(Record set Opens)

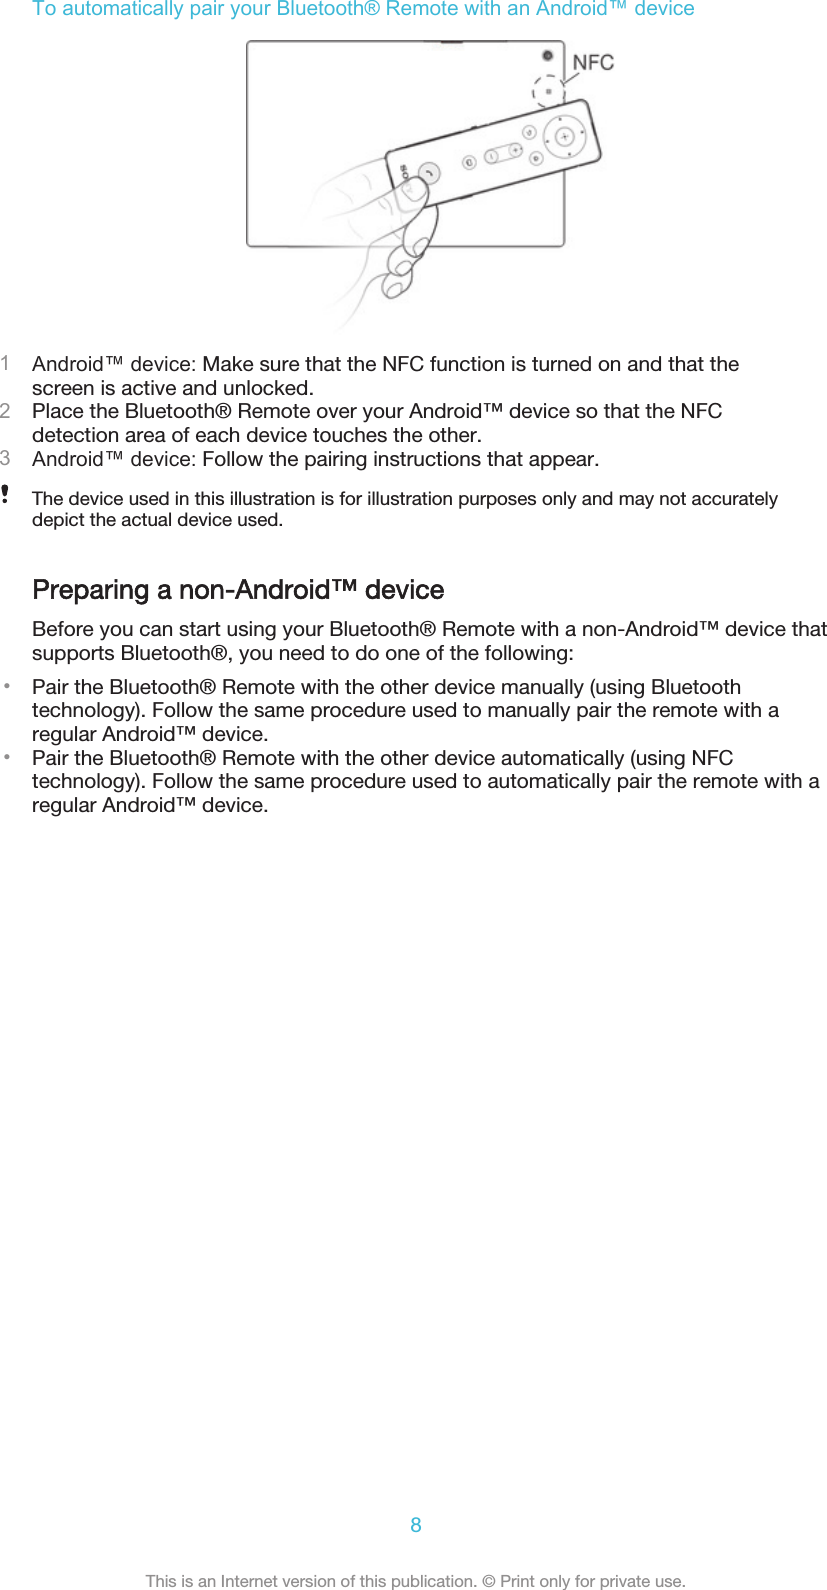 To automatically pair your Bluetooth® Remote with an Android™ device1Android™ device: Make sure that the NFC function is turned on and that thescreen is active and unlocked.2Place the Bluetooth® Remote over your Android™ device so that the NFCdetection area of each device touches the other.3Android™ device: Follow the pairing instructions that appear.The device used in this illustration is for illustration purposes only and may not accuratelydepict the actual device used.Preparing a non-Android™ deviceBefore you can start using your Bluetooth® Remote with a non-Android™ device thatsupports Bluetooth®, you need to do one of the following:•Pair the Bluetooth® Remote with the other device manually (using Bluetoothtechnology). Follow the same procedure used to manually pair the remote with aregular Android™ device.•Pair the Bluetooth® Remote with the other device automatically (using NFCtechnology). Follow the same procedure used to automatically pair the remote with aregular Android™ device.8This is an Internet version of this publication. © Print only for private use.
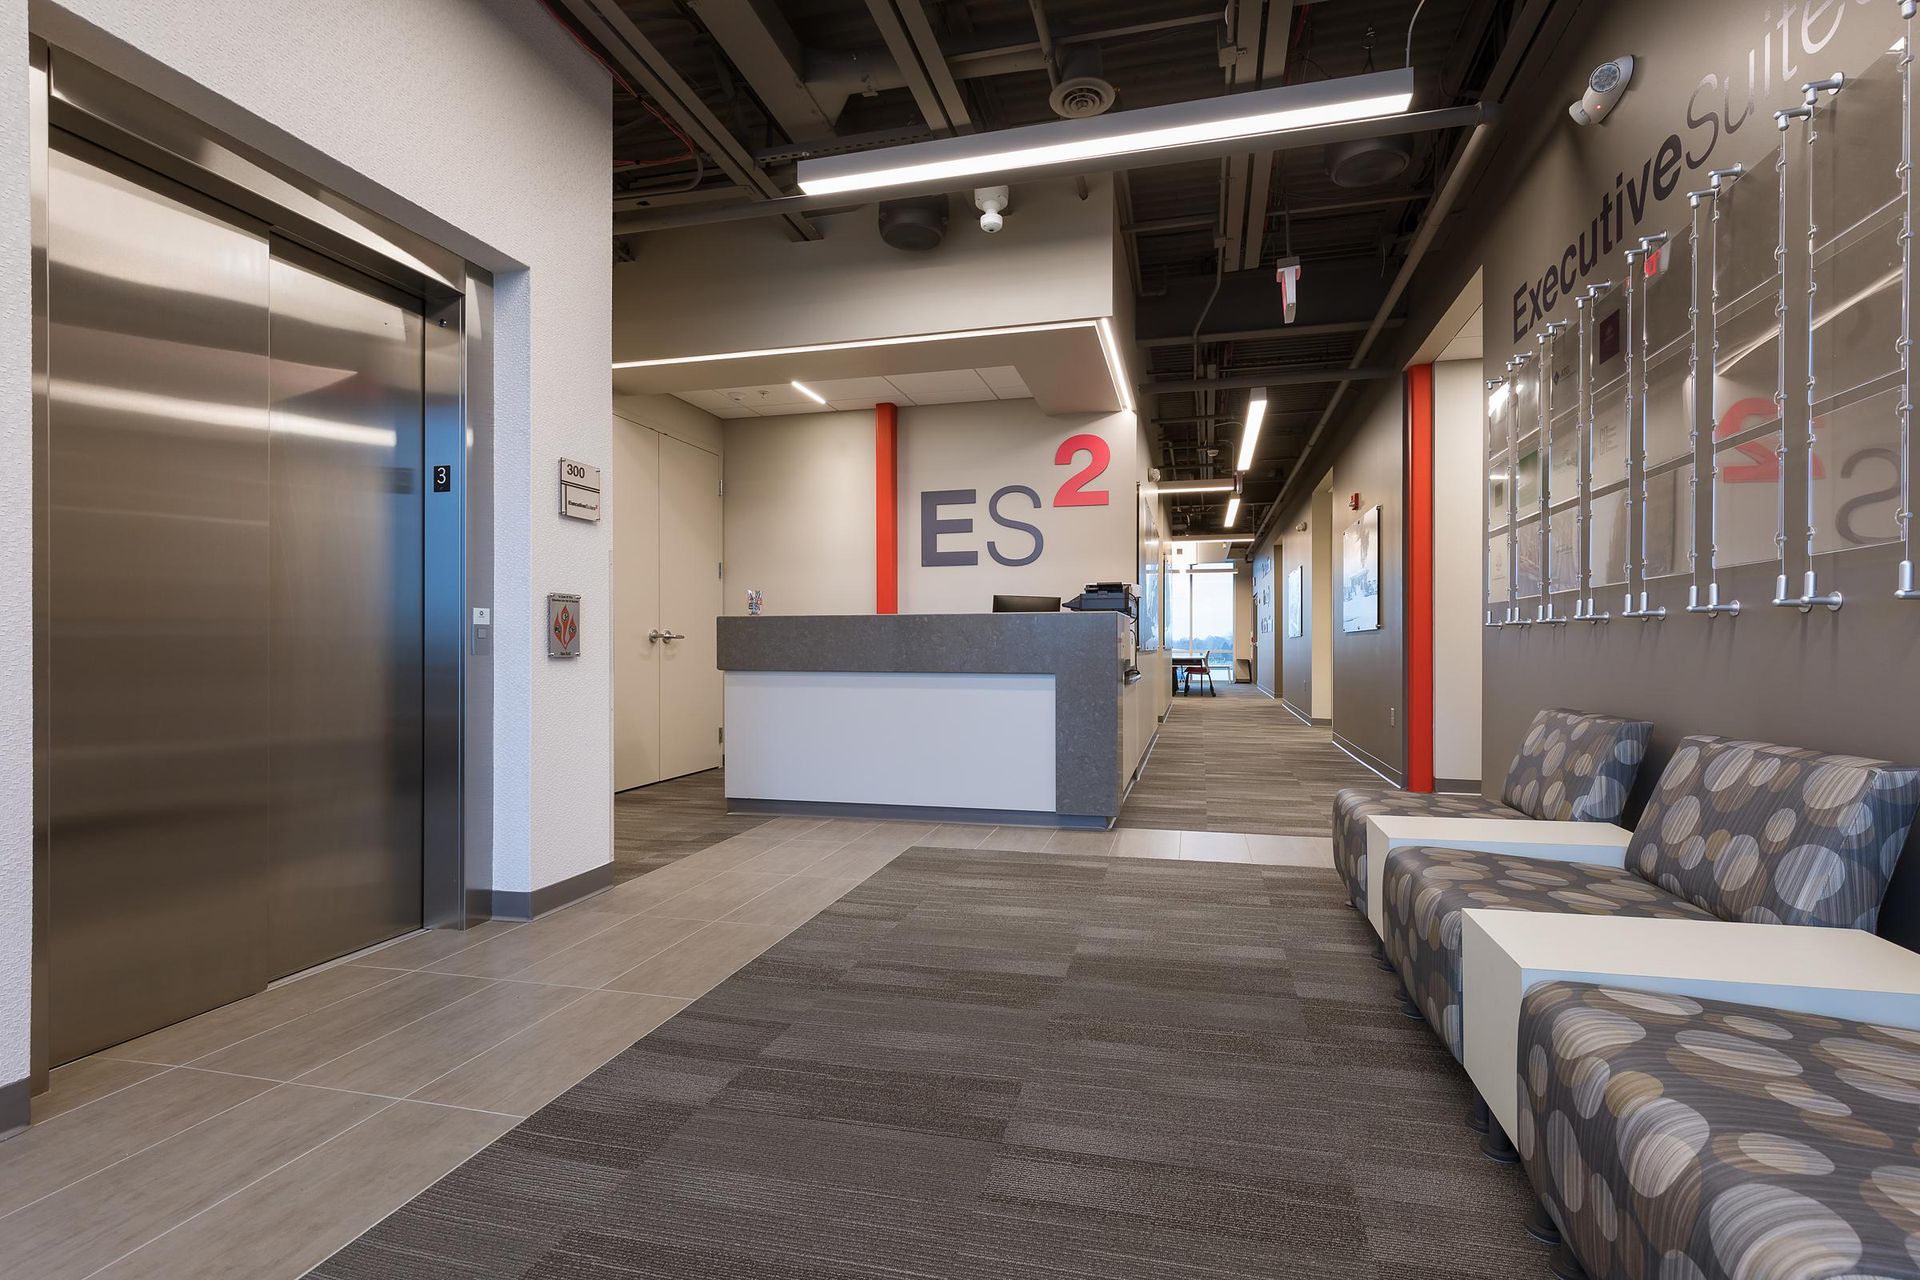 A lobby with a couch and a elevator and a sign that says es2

(Record set Closes)
(Record set Opens)

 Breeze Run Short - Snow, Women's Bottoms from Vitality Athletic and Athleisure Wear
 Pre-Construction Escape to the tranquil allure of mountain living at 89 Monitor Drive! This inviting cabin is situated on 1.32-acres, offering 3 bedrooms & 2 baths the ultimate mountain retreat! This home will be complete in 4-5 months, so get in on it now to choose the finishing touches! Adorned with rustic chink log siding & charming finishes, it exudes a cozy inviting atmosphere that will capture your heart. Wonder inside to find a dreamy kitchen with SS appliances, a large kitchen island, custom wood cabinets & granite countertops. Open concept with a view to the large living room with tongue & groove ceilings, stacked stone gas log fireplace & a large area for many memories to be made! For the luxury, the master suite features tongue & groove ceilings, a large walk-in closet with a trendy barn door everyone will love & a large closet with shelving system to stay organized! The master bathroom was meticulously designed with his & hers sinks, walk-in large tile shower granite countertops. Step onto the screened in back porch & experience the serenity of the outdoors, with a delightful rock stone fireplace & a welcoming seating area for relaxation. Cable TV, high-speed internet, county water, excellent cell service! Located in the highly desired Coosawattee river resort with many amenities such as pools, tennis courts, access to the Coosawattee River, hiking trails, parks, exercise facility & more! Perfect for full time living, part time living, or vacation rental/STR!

(Record set Closes)
(Record set Opens)

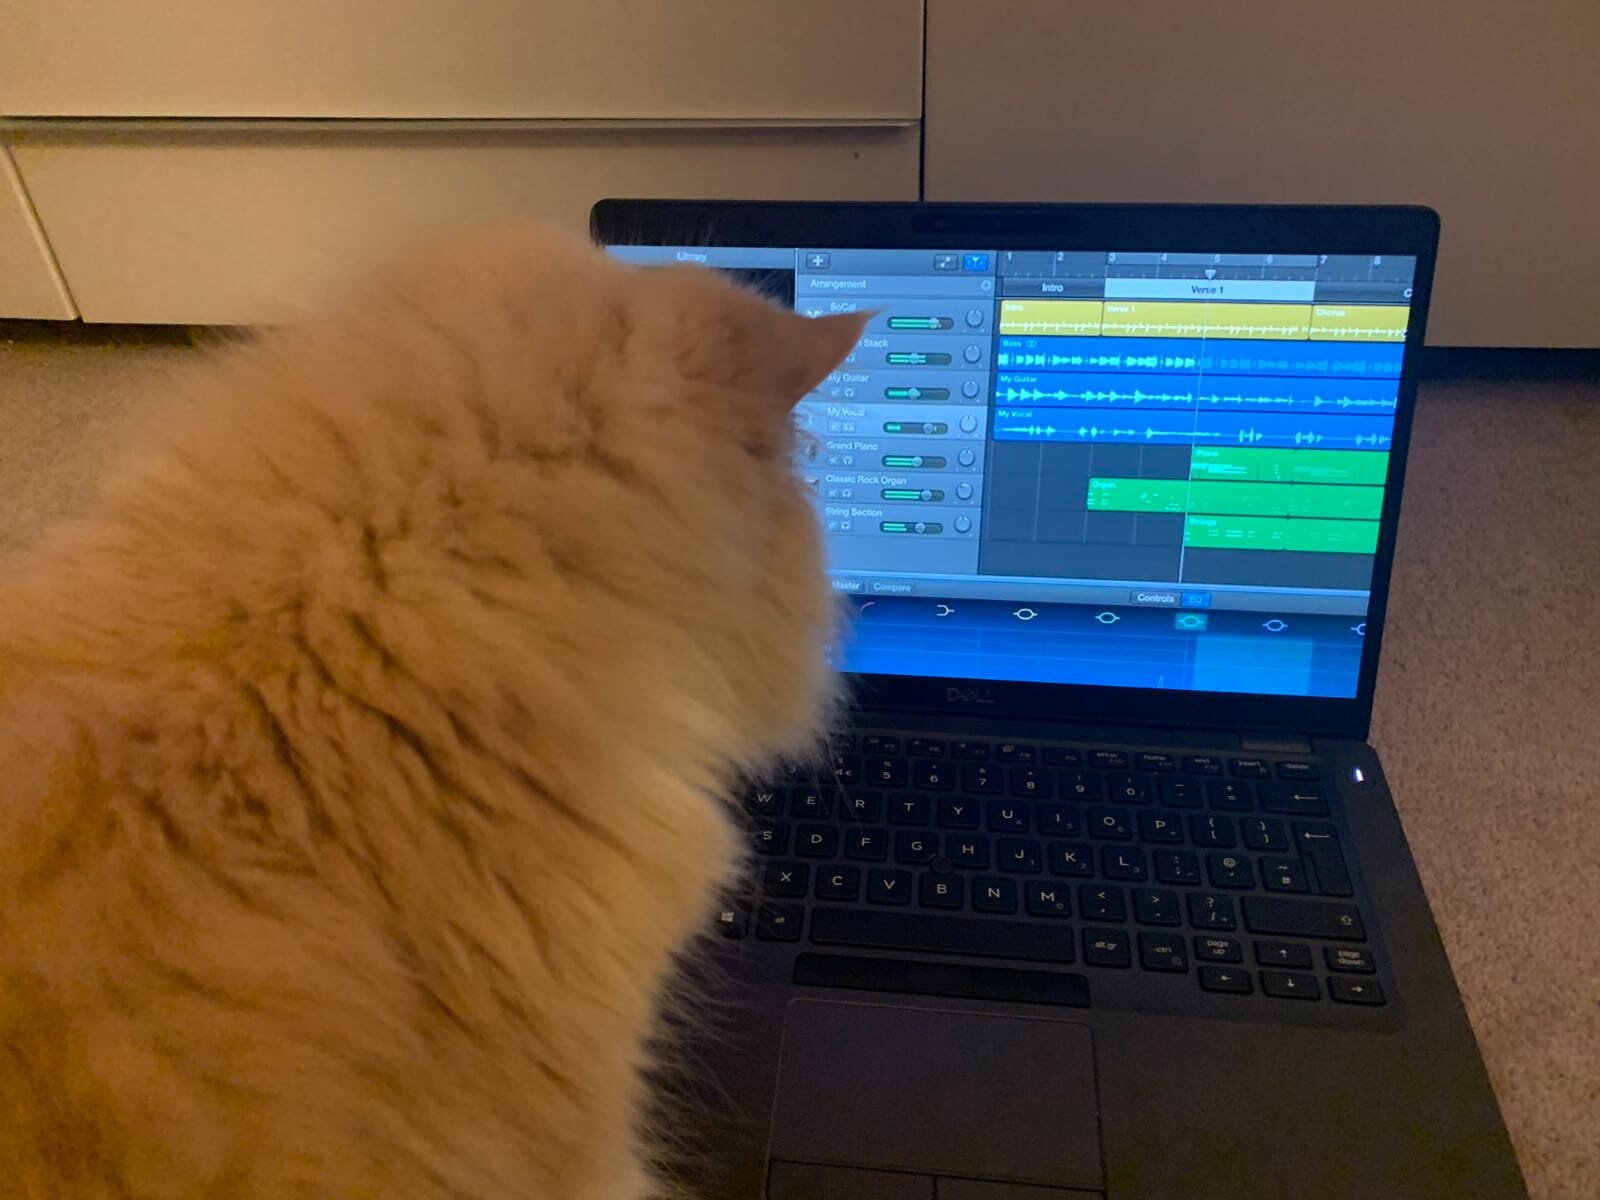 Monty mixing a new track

(Record set Closes)

About this exercise » Though the entries above contain pictures, none should be copied; reproduce only the lines between the one holding "To automatically pair your" and the one holding "A lobby with", inclusive, exactly as written.

Answer area »
 To automatically pair your Bluetooth® Remote with an Android™ device1Android™ device: Make sure that the NFC function is turned on and that thescreen is active and unlocked.2Place the Bluetooth® Remote over your Android™ device so that the NFCdetection area of each device touches the other.3Android™ device: Follow the pairing instructions that appear.The device used in this illustration is for illustration purposes only and may not accuratelydepict the actual device used.Preparing a non-Android™ deviceBefore you can start using your Bluetooth® Remote with a non-Android™ device thatsupports Bluetooth®, you need to do one of the following:•Pair the Bluetooth® Remote with the other device manually (using Bluetoothtechnology). Follow the same procedure used to manually pair the remote with aregular Android™ device.•Pair the Bluetooth® Remote with the other device automatically (using NFCtechnology). Follow the same procedure used to automatically pair the remote with aregular Android™ device.8This is an Internet version of this publication. © Print only for private use.
 A lobby with a couch and a elevator and a sign that says es2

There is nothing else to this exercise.